• **TO DO**: In your copy, leave out the pictures and reproduce the listing below exactly.

• **SUPPLIED INFORMATION**:

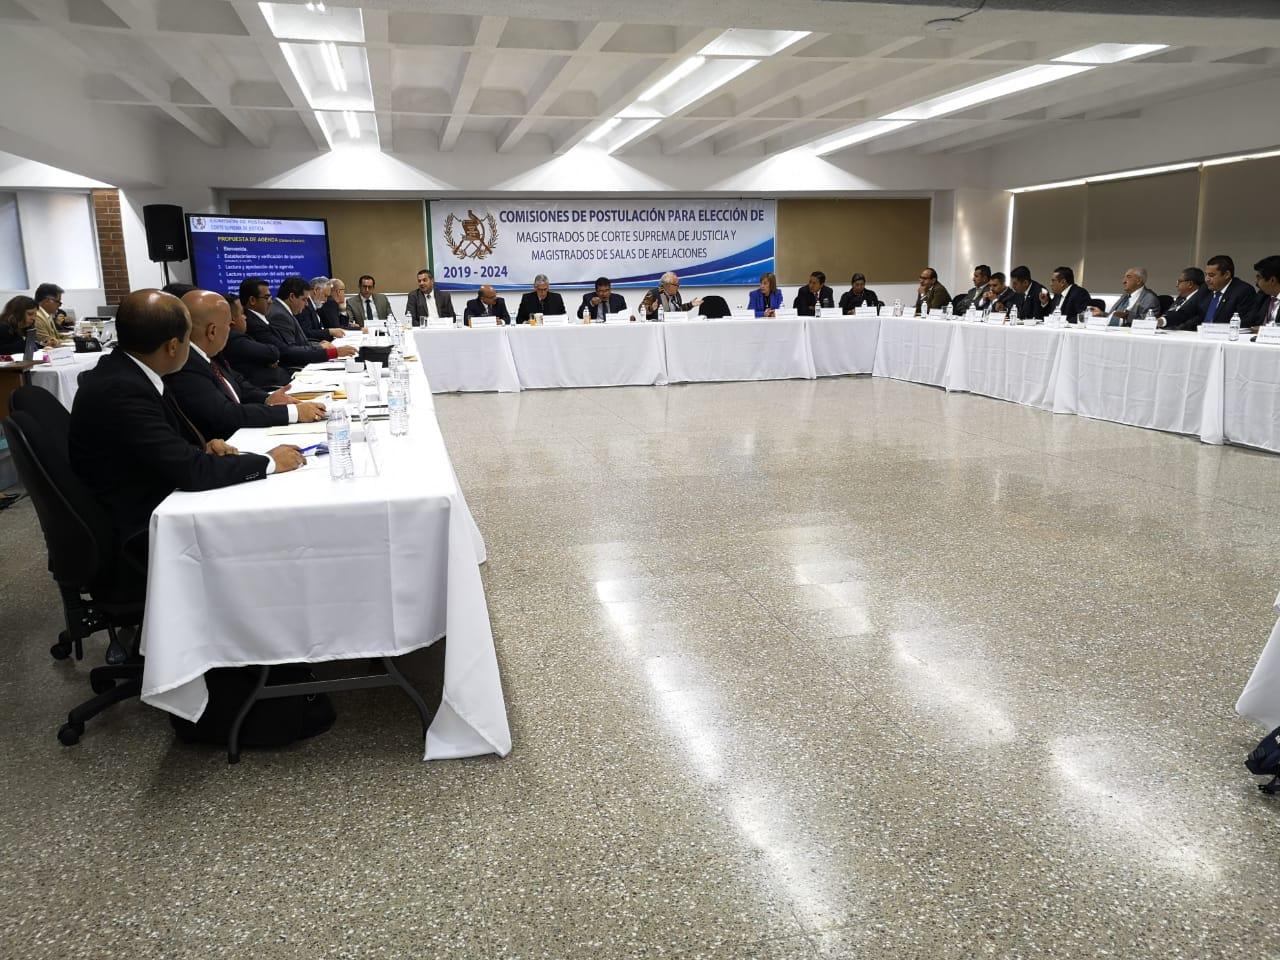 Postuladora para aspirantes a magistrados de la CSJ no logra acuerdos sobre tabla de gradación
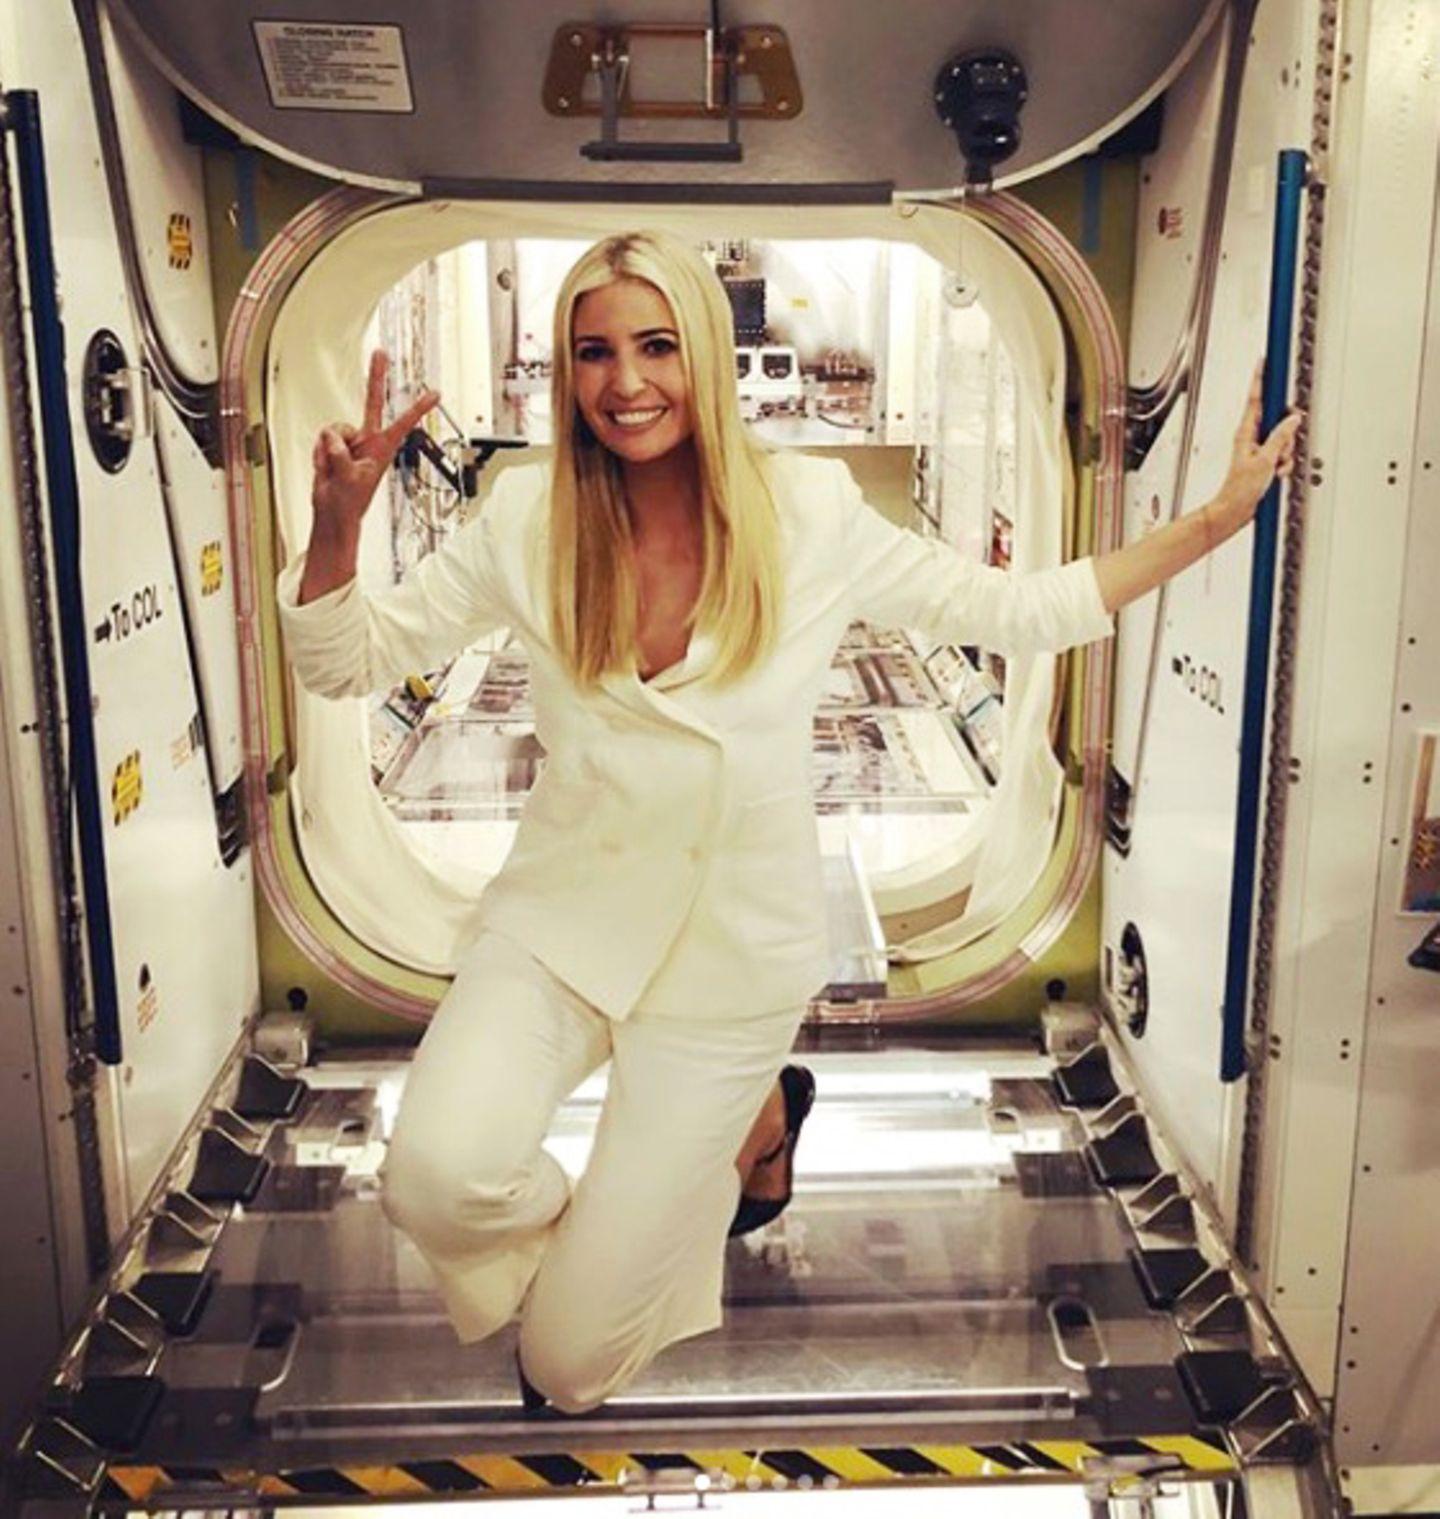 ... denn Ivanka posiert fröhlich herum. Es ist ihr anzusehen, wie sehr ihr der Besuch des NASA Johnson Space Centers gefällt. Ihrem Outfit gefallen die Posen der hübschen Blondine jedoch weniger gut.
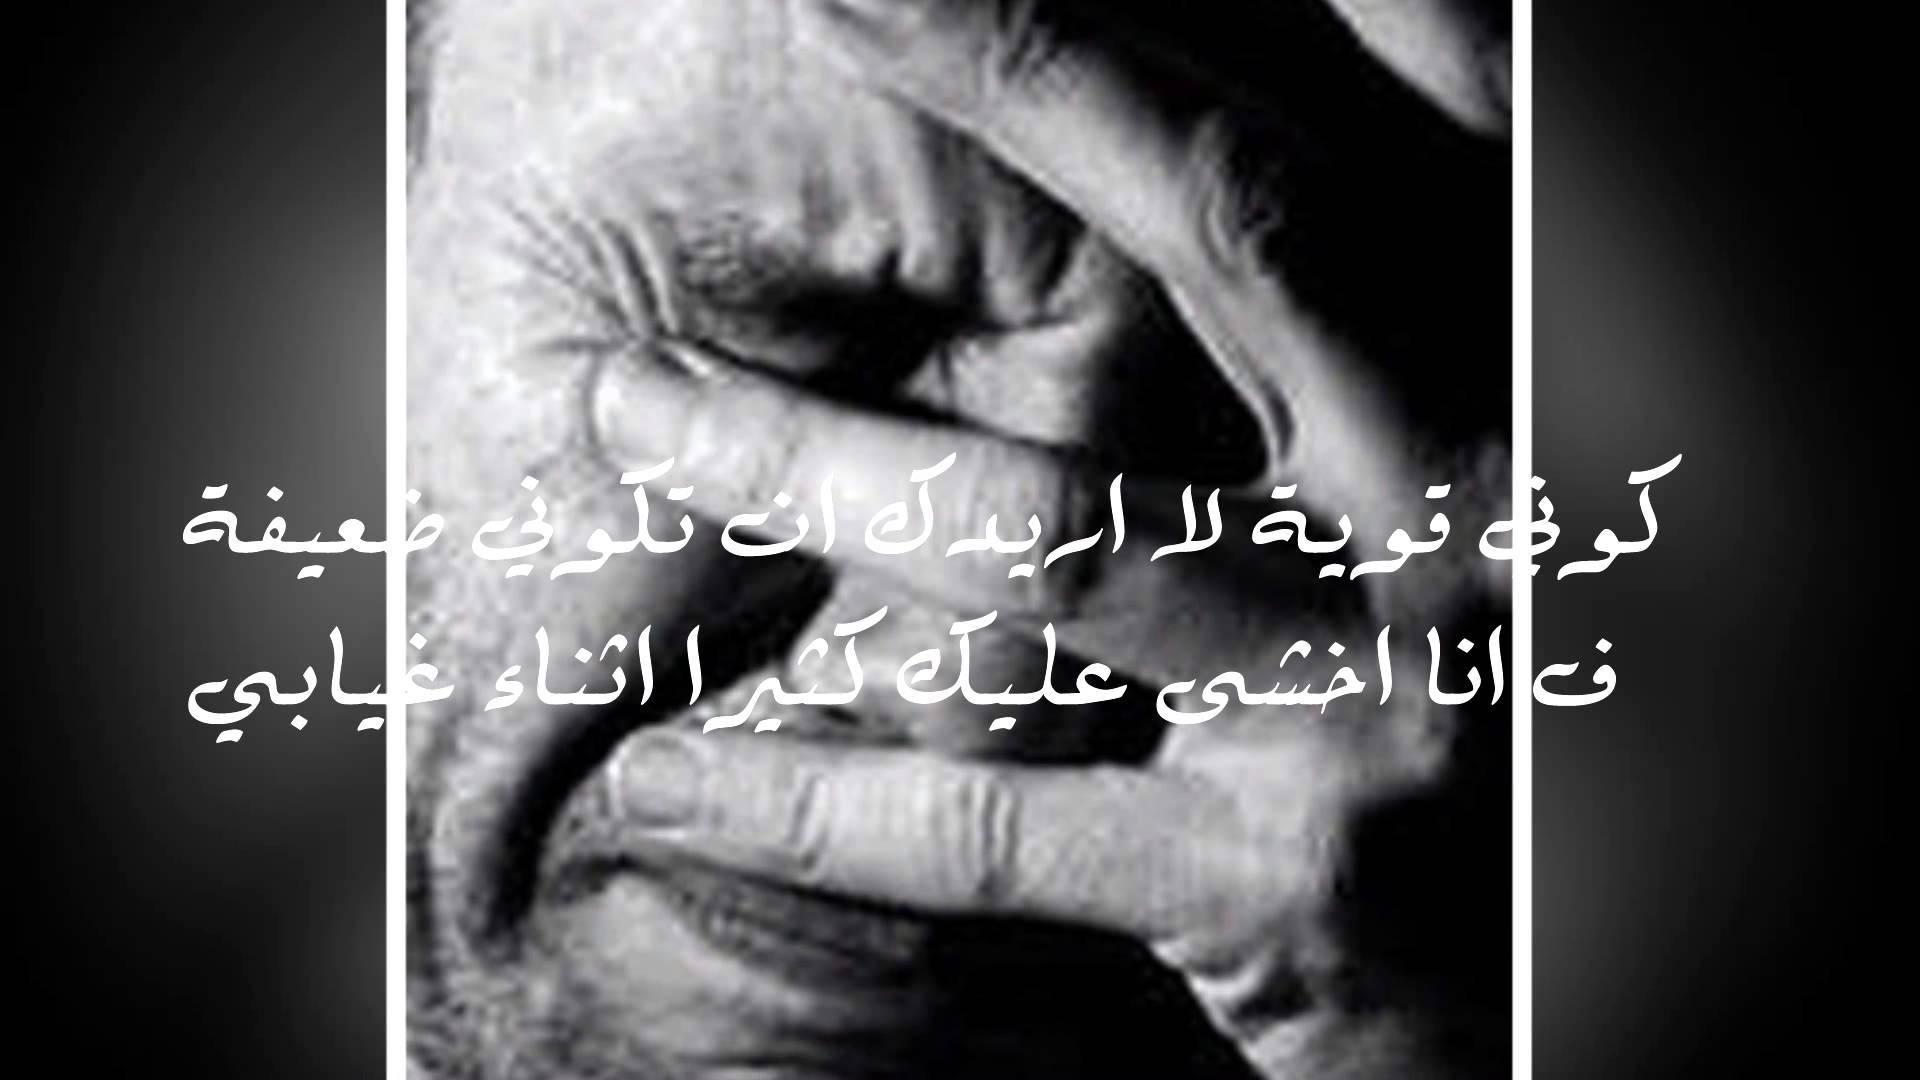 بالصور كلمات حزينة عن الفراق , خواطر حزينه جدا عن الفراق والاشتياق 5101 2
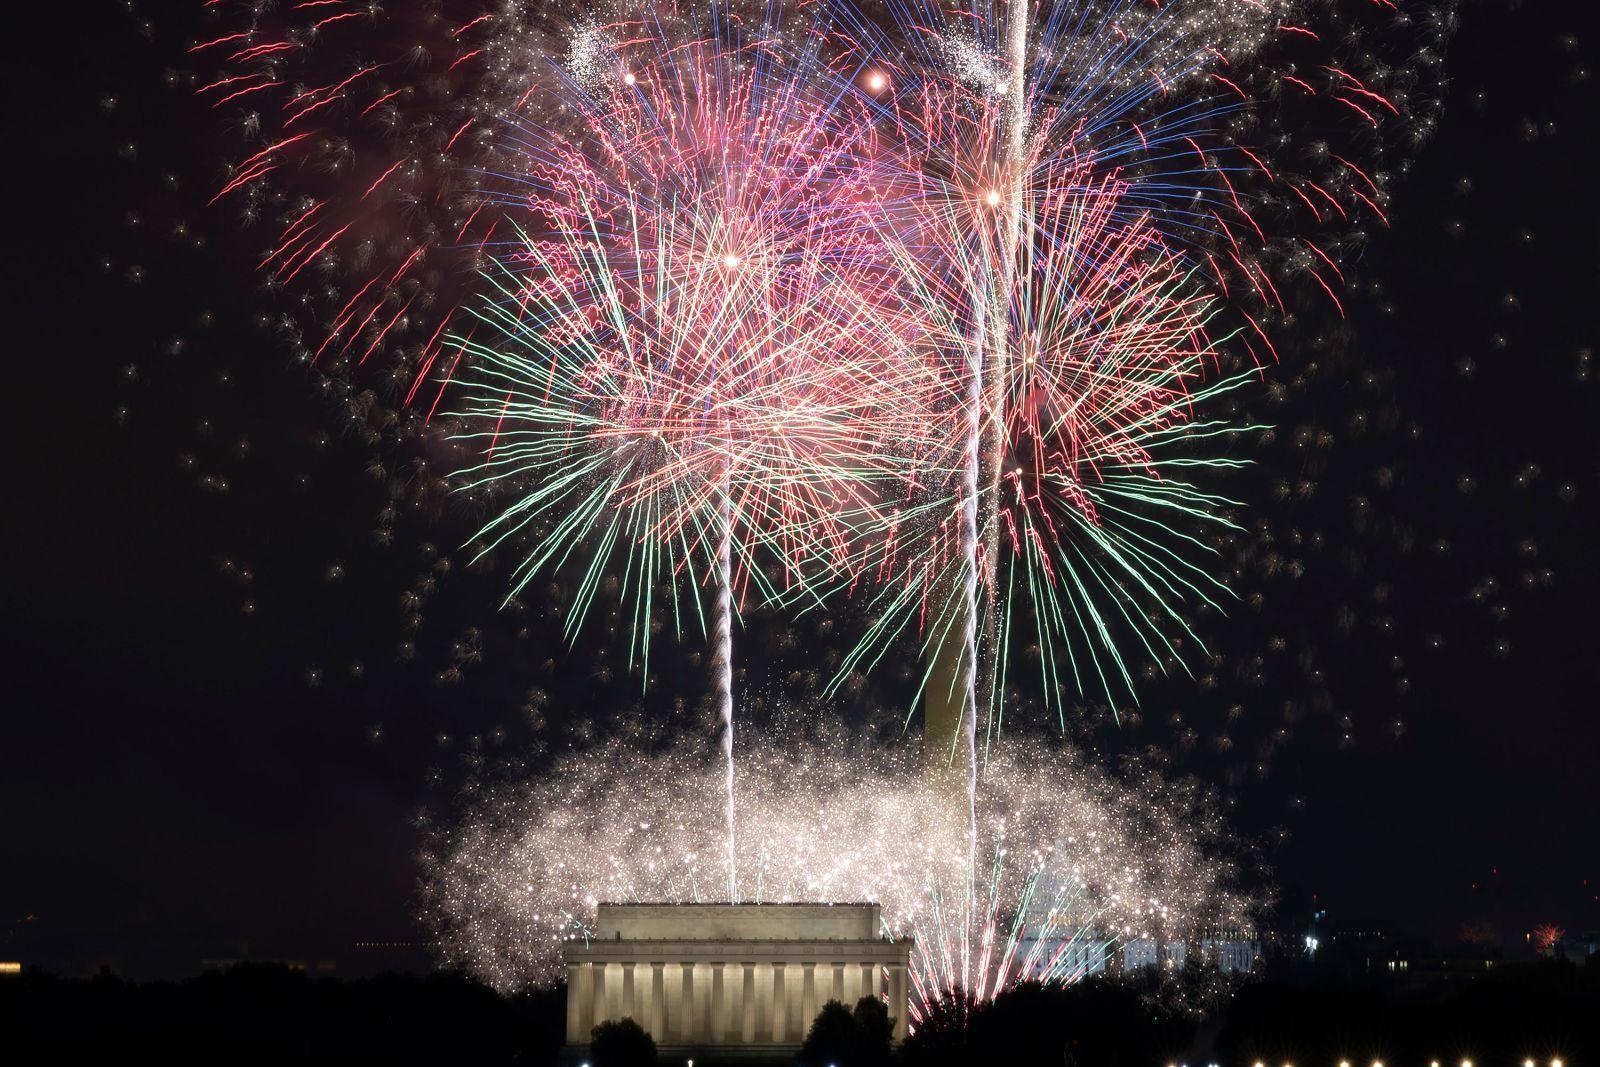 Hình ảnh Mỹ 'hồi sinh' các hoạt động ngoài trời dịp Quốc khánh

• **ANSWER SECTION**:
 Postuladora para aspirantes a magistrados de la CSJ no logra acuerdos sobre tabla de gradación
 ... denn Ivanka posiert fröhlich herum. Es ist ihr anzusehen, wie sehr ihr der Besuch des NASA Johnson Space Centers gefällt. Ihrem Outfit gefallen die Posen der hübschen Blondine jedoch weniger gut.
 بالصور كلمات حزينة عن الفراق , خواطر حزينه جدا عن الفراق والاشتياق 5101 2
 Hình ảnh Mỹ 'hồi sinh' các hoạt động ngoài trời dịp Quốc khánh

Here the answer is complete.